▶ [ASSIGNED TASK]: Down to the final line, write out the material beneath exactly, without pictures.

▶ [DATASET EXCERPT]:
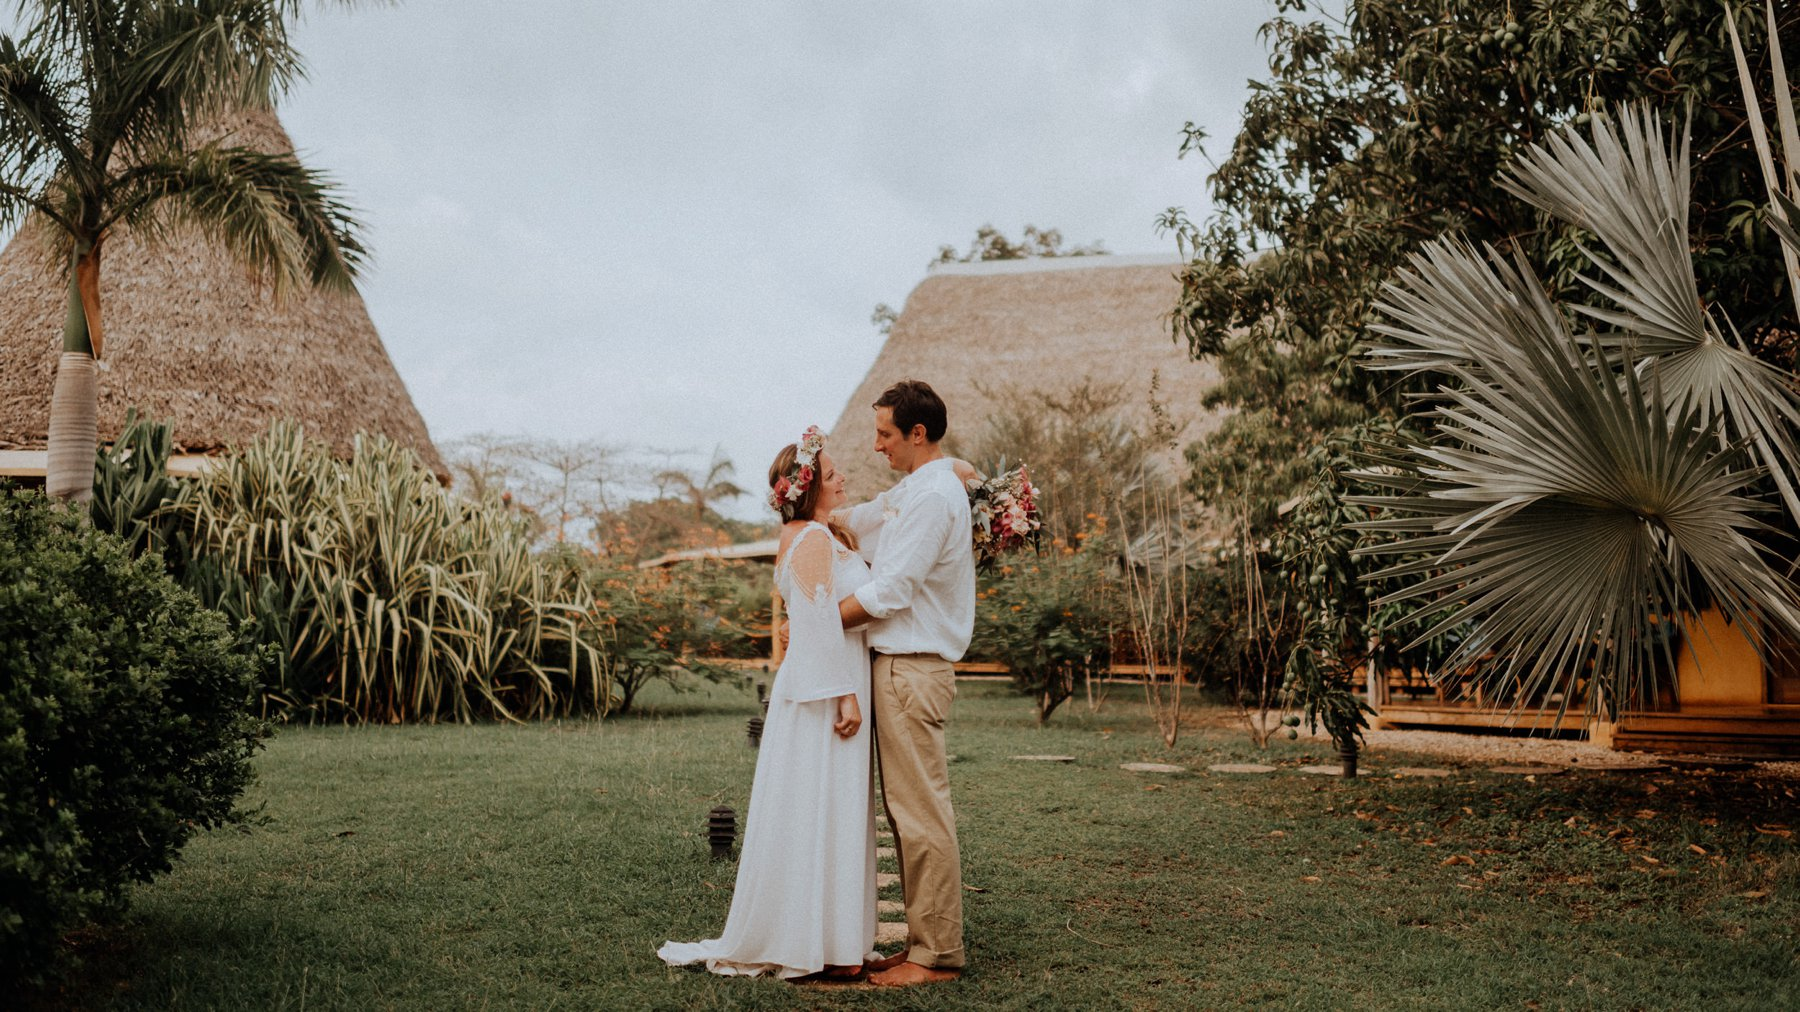 004-031-costa-rica-wedding-photographer-13.jpg
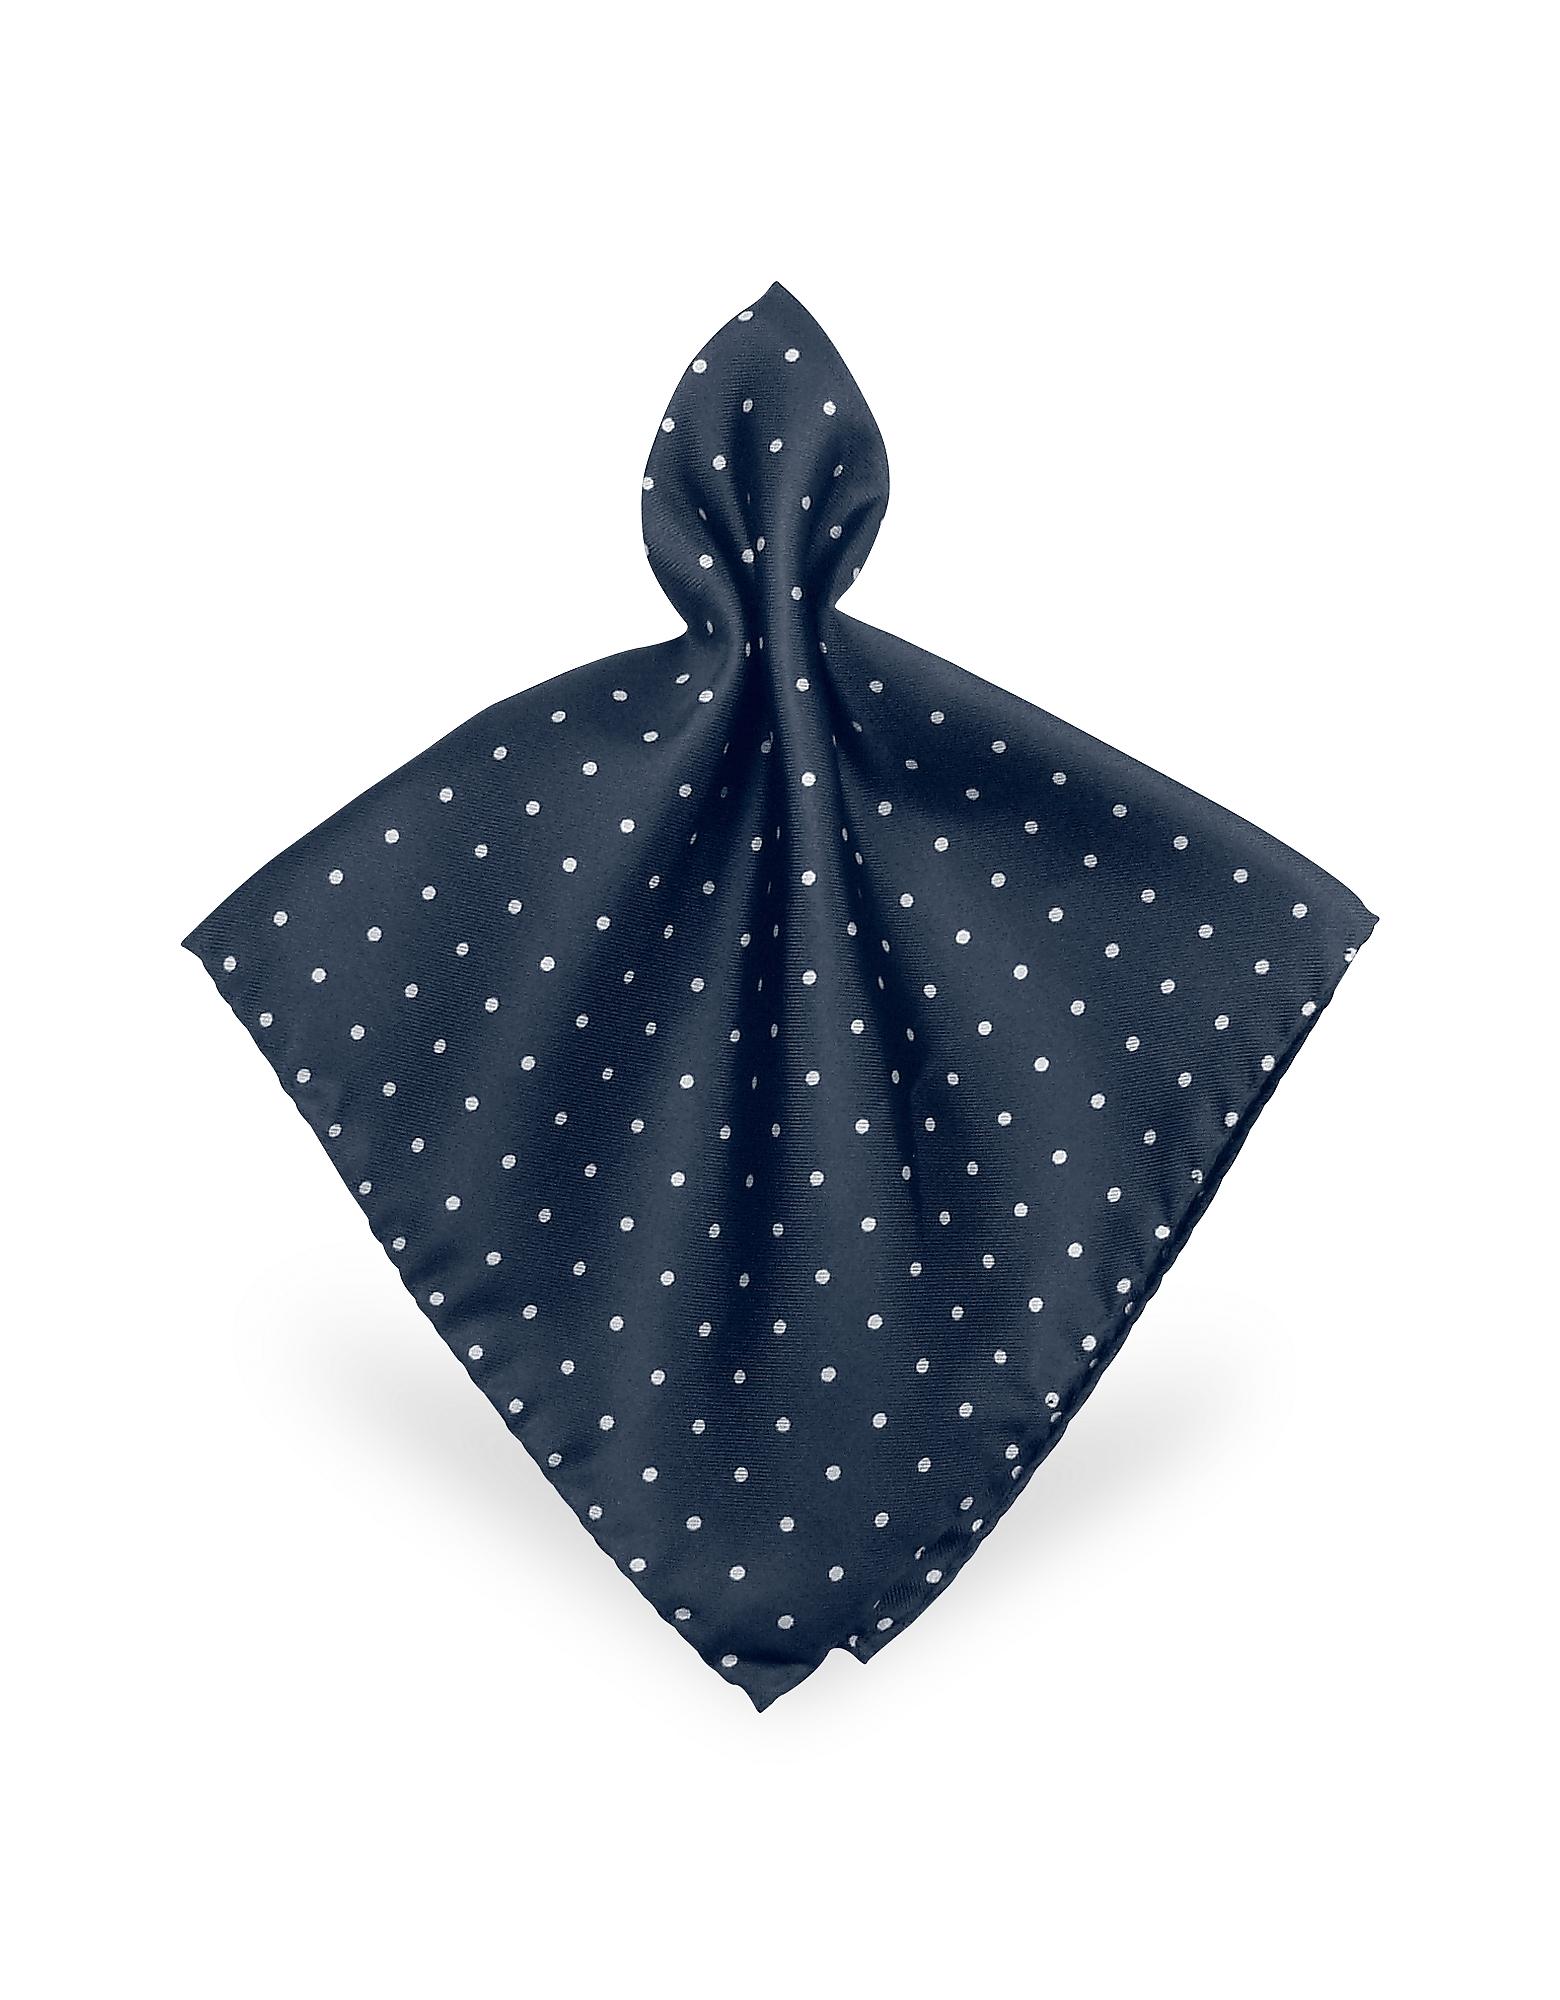 Forzieri Pocket Squares, Polkadot Twill Silk Pocket Square
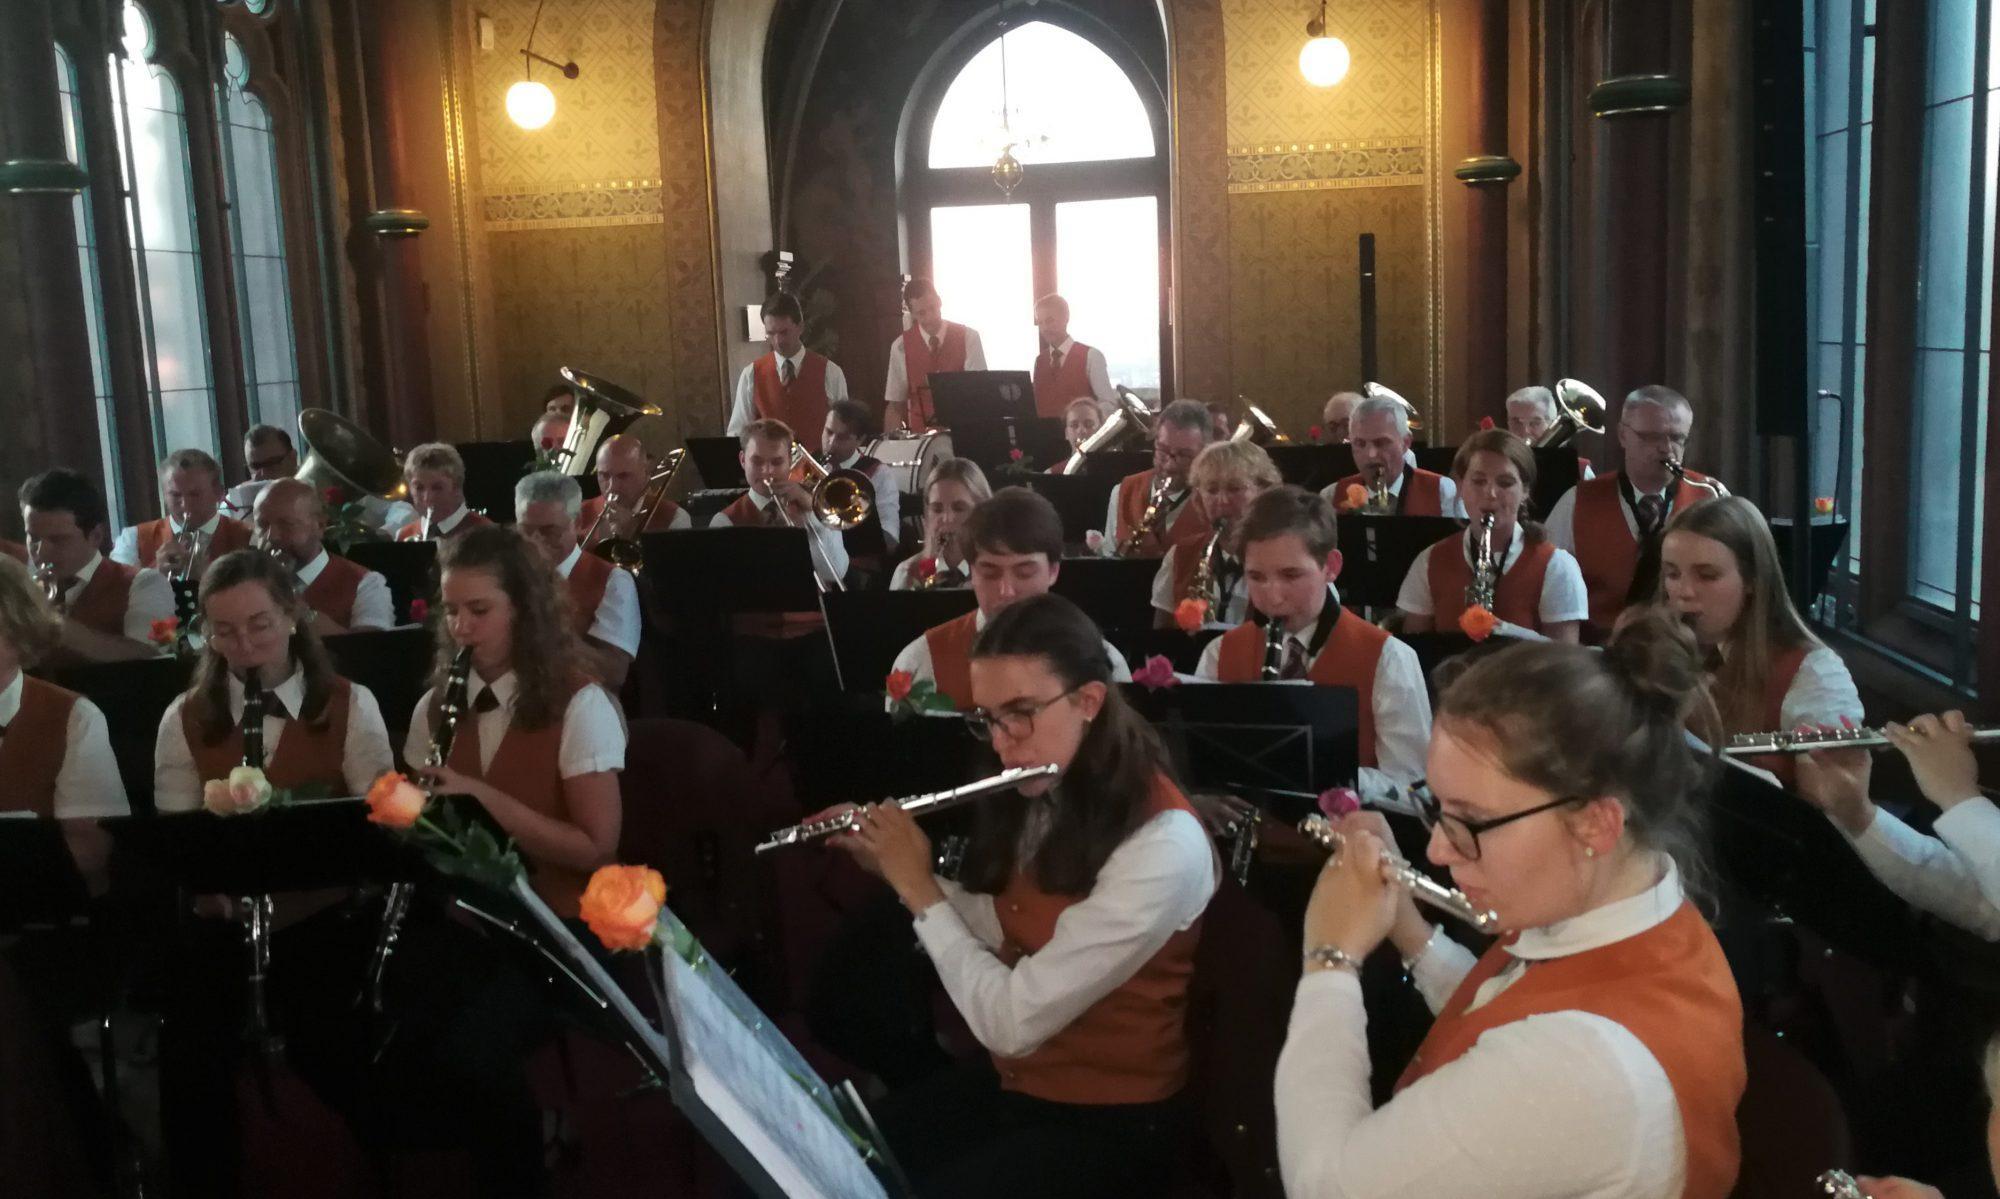 Musikzug Bergklänge e.V.

▶ [ANSWER TO THE EXERCISE]:
 004-031-costa-rica-wedding-photographer-13.jpg
 Forzieri Pocket Squares, Polkadot Twill Silk Pocket Square
 Musikzug Bergklänge e.V.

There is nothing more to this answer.